Eigentlich soll die US-Wirtschaft das neue Zugpferd der Weltwirtschaft werden. Doch so richtig will sie diese Rolle nicht einnehmen - auch nicht knapp einen Monat nachdem die US-Notenbank Fed erstmals seit 2006 die Zinsen wieder leicht erhöht hat. Deshalb sind richtige Impulse für die globale Wirtschaft nicht in Sicht, das Wachstum der Weltwirtschaft plätschert dahin. Das liegt auch daran, dass die Schwellenländer längst nicht mehr so stark wachsen wie noch vor einigen Jahren. Vor allem China wird immer mehr zum Problemfall.

Kein Wunder, dass das langsame Weltwirtschaftswachstum auch auf der diesjährigen Tagung der American Economic Association (AEA), dem größten Ökonomentreffen der Welt, das dominierende Thema war. 12.000 Ökonomen aus aller Welt diskutierten in San Francisco, warum die Weltwirtschaft mehr als sieben Jahre nach der Lehman-Pleite und nach jahrelanger Nullzinspolitik der Zentralbanken noch immer viel langsamer wächst als in früheren Aufschwungphasen. Manche Teilnehmer nahmen gar das böse R-Wort von einer drohenden Rezession in den Mund.

Zwar wurde dies nur als Risikoszenario diskutiert. Doch der jüngste Kurseinbruch an den Aktienmärkten verleiht diesem Szenario eine unerwartete Dramatik.
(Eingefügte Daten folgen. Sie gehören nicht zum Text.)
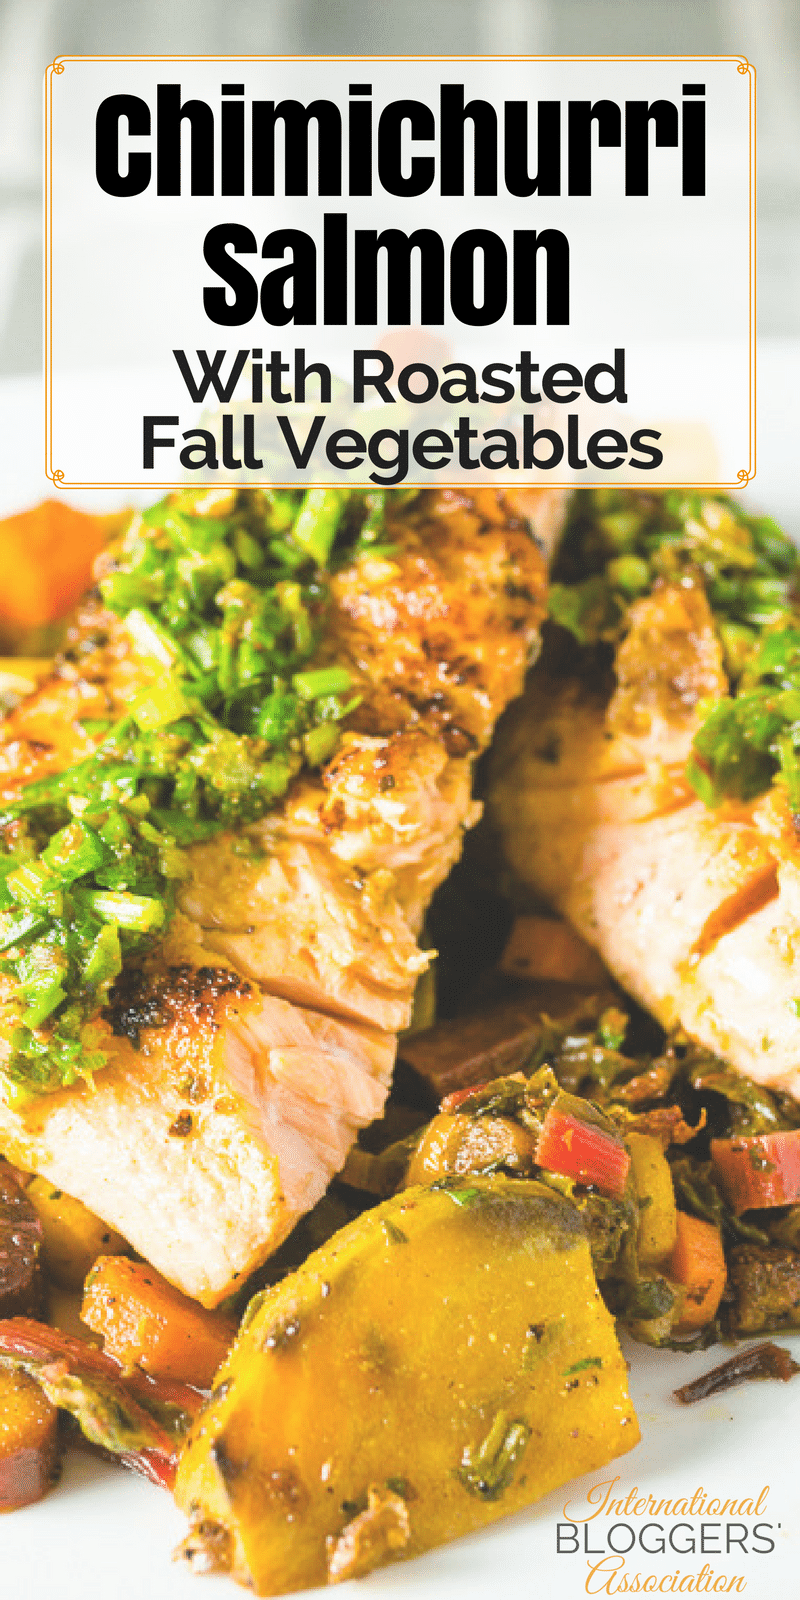 This salmon recipe is an ideal way to savor the fall vegetables. It is healthy and delicious all in one. Be sure to add it to your recipe book.

In den USA hat sich die Wirtschaft zwar rascher von der Finanzkrise erholt als in Europa. Doch von einem fulminanten Aufschwung kann in Amerika keine Rede sein. Waren in der Vergangenheit nach schweren Rezessionen im Aufschwung Wachstumsraten von vier bis fünf Prozent üblich, so müssen sich die USA derzeit mit halb so hohen Raten zufrieden geben. Einig waren sich die Ökonomen, dass sich daran so schnell nichts ändern werde. Uneinigkeit herrschte hingegen über die Gründe für das bescheidene Wachstum.

Politik hält auf

John Taylor, Professor an der Universität von Stanford, machte die schlechte Wirtschaftspolitik der Regierung in Washington für das blutleere Wachstum verantwortlich. Die Politiker hätten die Lektion der Achtzigerjahre vergessen. Diese laute: Deregulierungen und Steuersenkungen verhelfen der Wirtschaft zu höherem Wachstum. Seit Jahren fahre der Zug in die falsche Richtung, monierte Taylor. Zusätzliche Regulierungen und höhere Steuern nähmen der Wirtschaft die Luft zum Atmen. Daher sei eine angebotspolitische Reformoffensive erforderlich, bei der die Steuersätze gesenkt und die Steuerbasis verbreitert werden müssten. Zudem sollten die Sozialleistungen kritisch unter die Lupe genommen werden.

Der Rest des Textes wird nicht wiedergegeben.